Villa Giusy Positano – Vicolo Vito Savino, 17 - Cap: 84017, Positano, Italy. . Telephone +39 06 64520553 • Fax +39 06 64520553. Cosy guest house of the lovely town of Positano with five bedrooms divided in singles, doubles and twins. All with private bath and a fantastic see view. Some, also with fireplace. Terrace, bar, dinning room and kitchen are the common areas of this self catering guest house of Positano. The rooms can be booked for a week and also for a month.
Villa Rosa is one of the best hotel bargains on the entire Amalfi Coast.
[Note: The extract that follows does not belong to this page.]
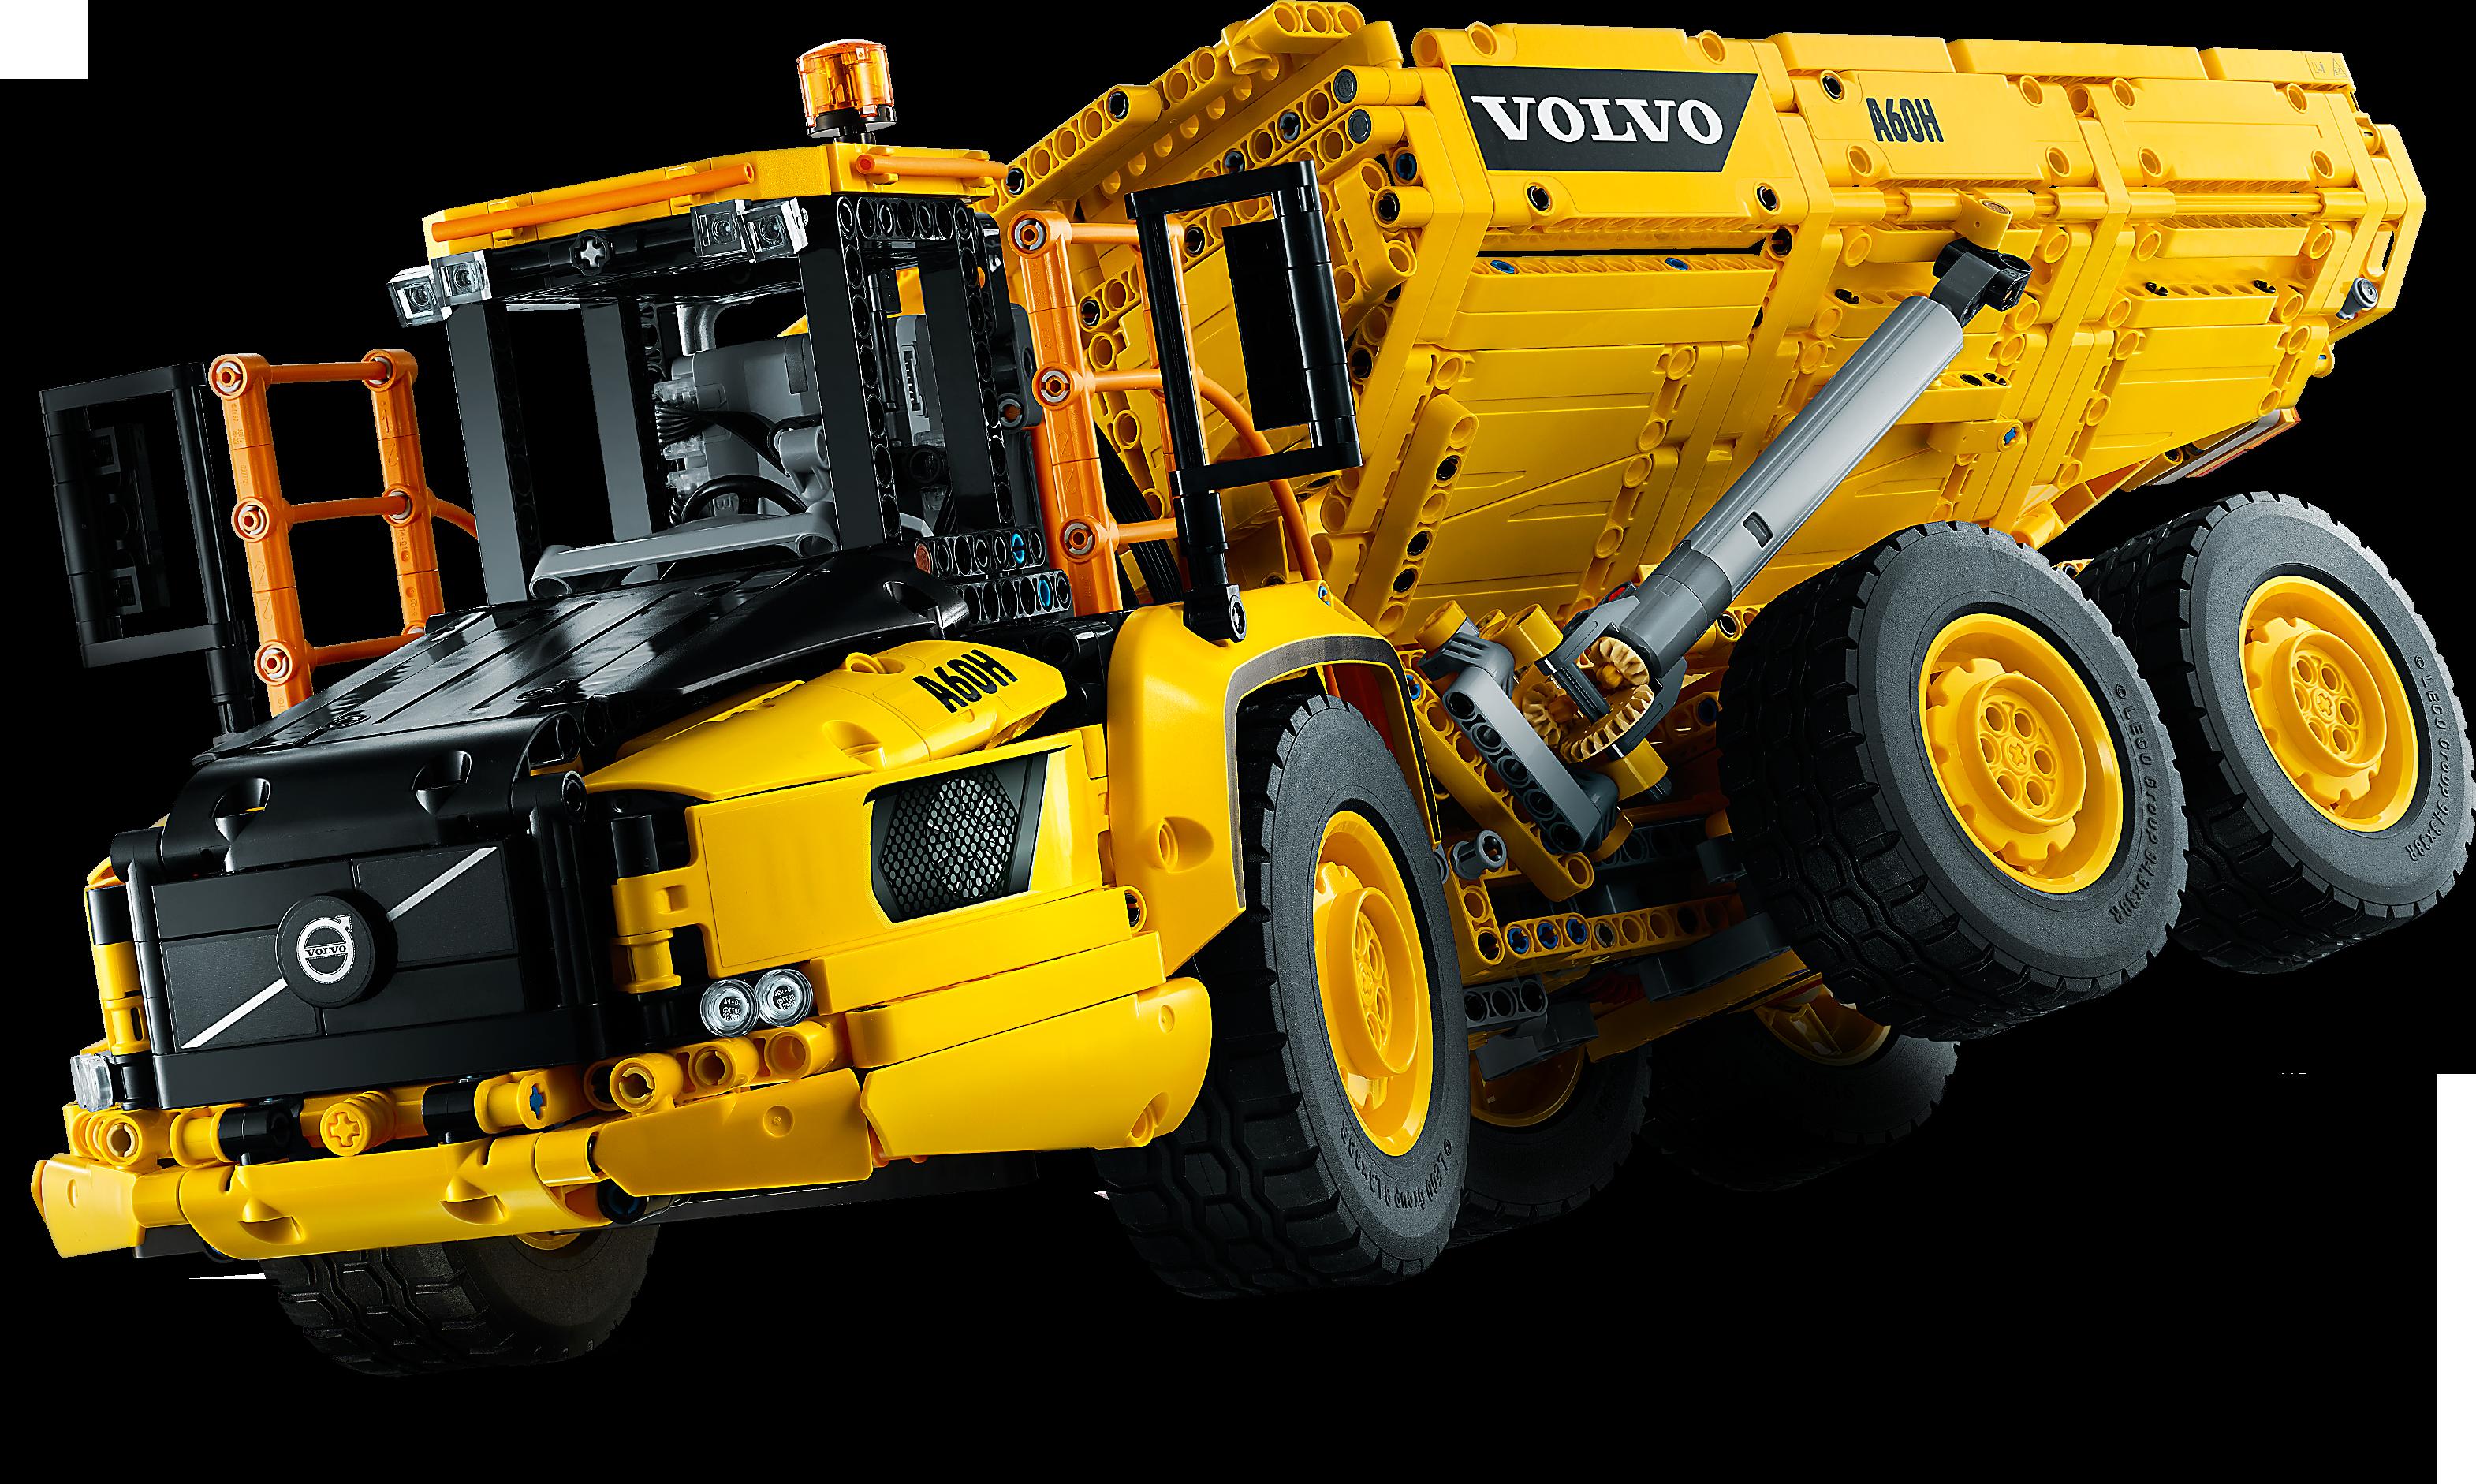 6x6 Volvo Articulated Hauler
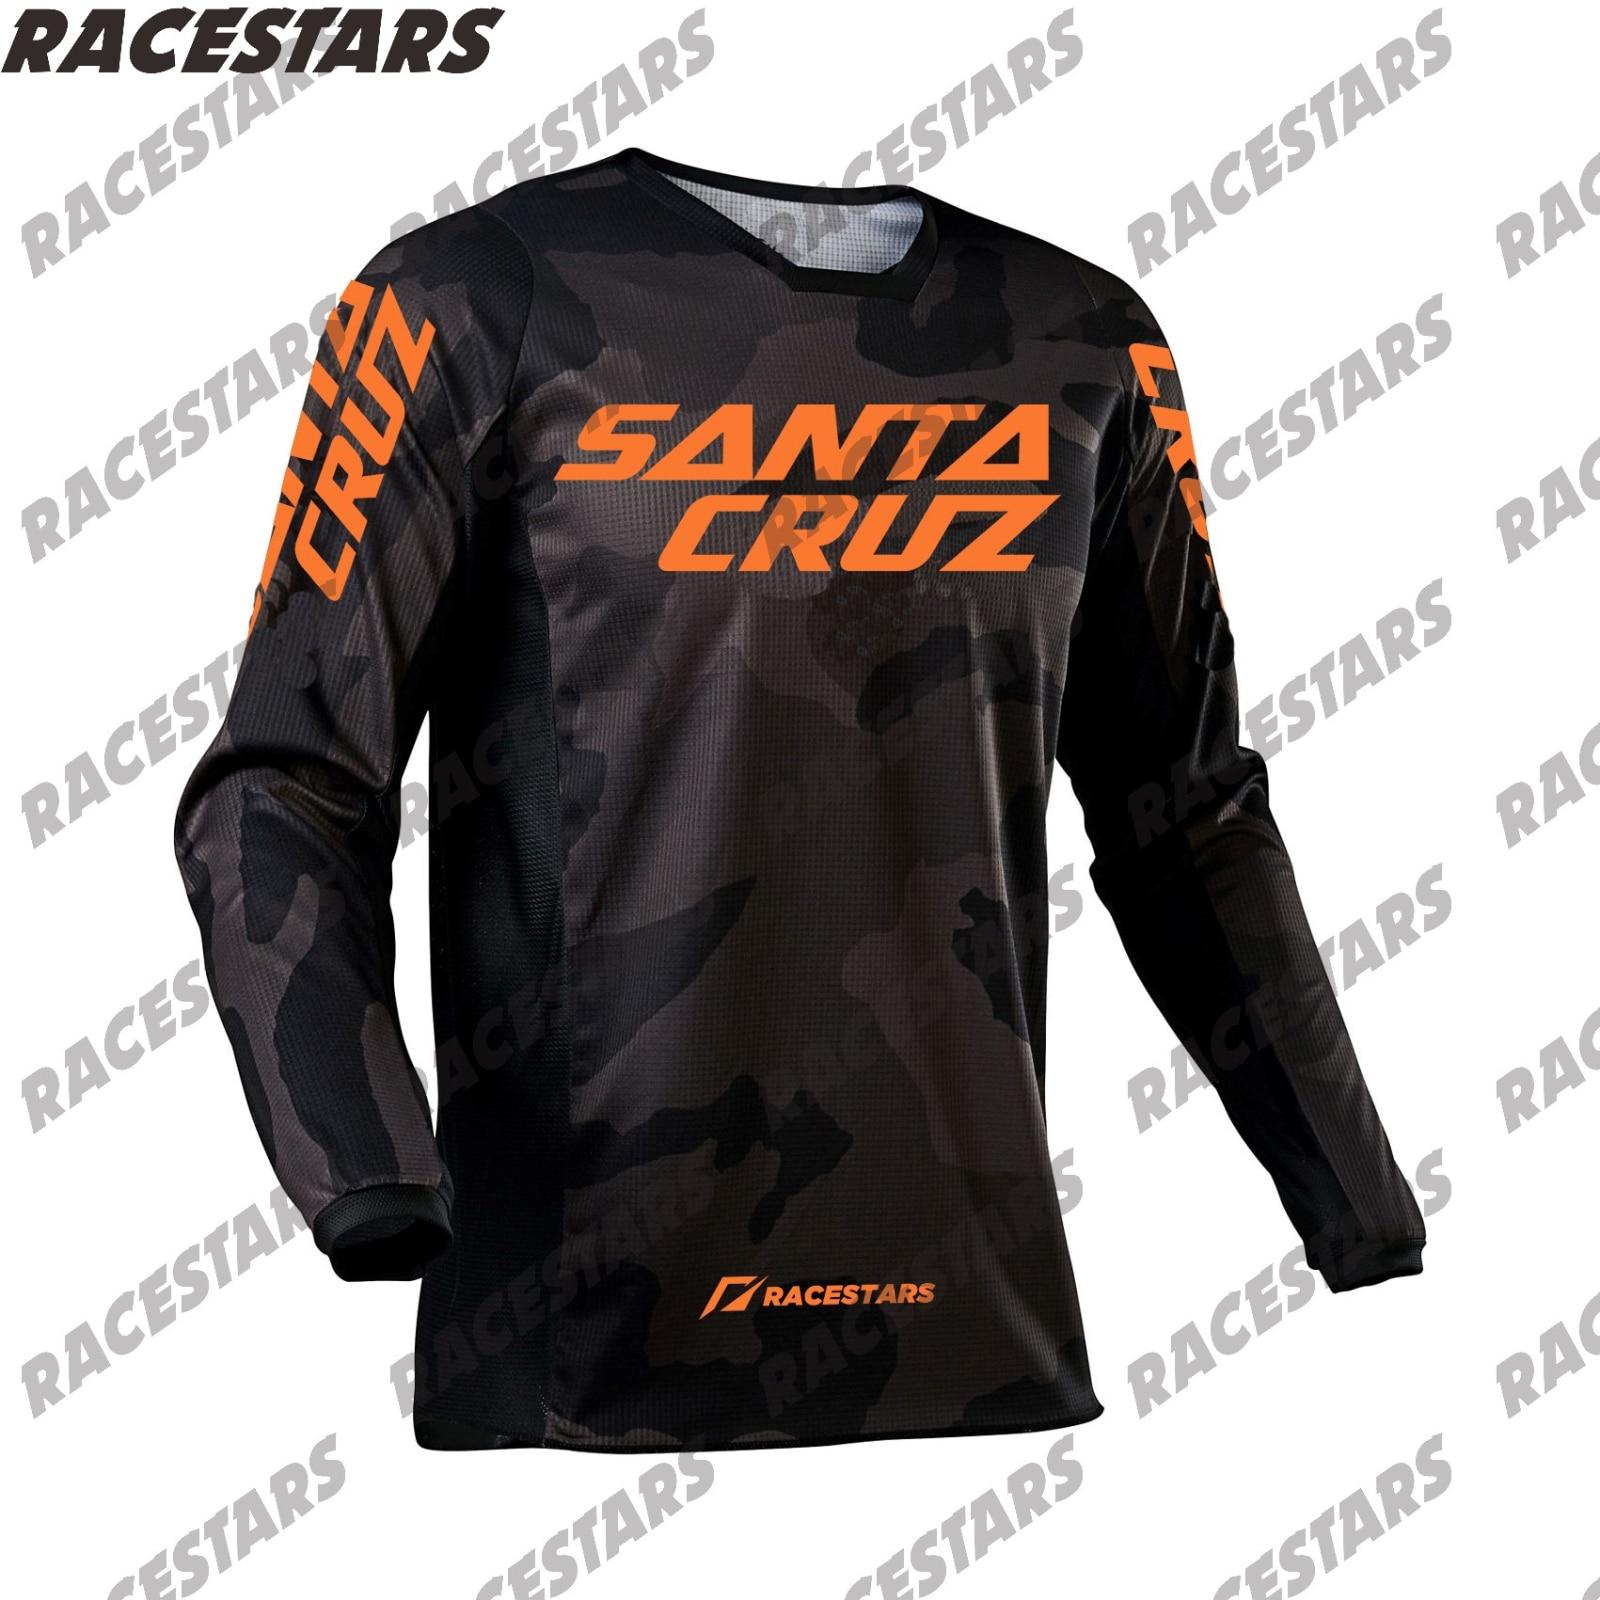 Camiseta de Motocross Enduro de SANTA CRUZ para Hombre, Maillot de Ciclismo...

Perched on a steep hillside, all of the 150-year-old villa's rooms overlook the beach and the spectacular Mediterranean water beyond. Rooms have private terraces (filled with flowers) overlooking the sea. For best views, make sure to get a room on the second or third floor.
Nocelle B&B. A warm, Italian welcome awaits you at this small B&B, situated in the village of Nocelle, perched on the mountainside a pleasant 20-minute drive or bus journey above the coastal resort of Positano. Apart from Italian, the host speaks English and German. For further information visit http://ninobb.moonfruit.com
Take the local bus to Montepertuso which leaves from the church. From there you need to find a small steep path uphill. The mountains along the Amalfi Coast have a hidden and unknown network of public footpaths and long stairs criss crossing the lemon teraces, from Montepertuso you will be able to walk to Santa Maria, a small church high up, and back down to Positano. This will give you stunning views down the coast featuring Capri, Positano and the sea. In springtime all sorts of rare spices and flowers grow between cypress trees. Make sure you get a map of some kind showing the footpaths since you WILL get lost without.
Julian Tippett has published a nice walking guide book for the area in the "Sunflower Countryside Guides" series.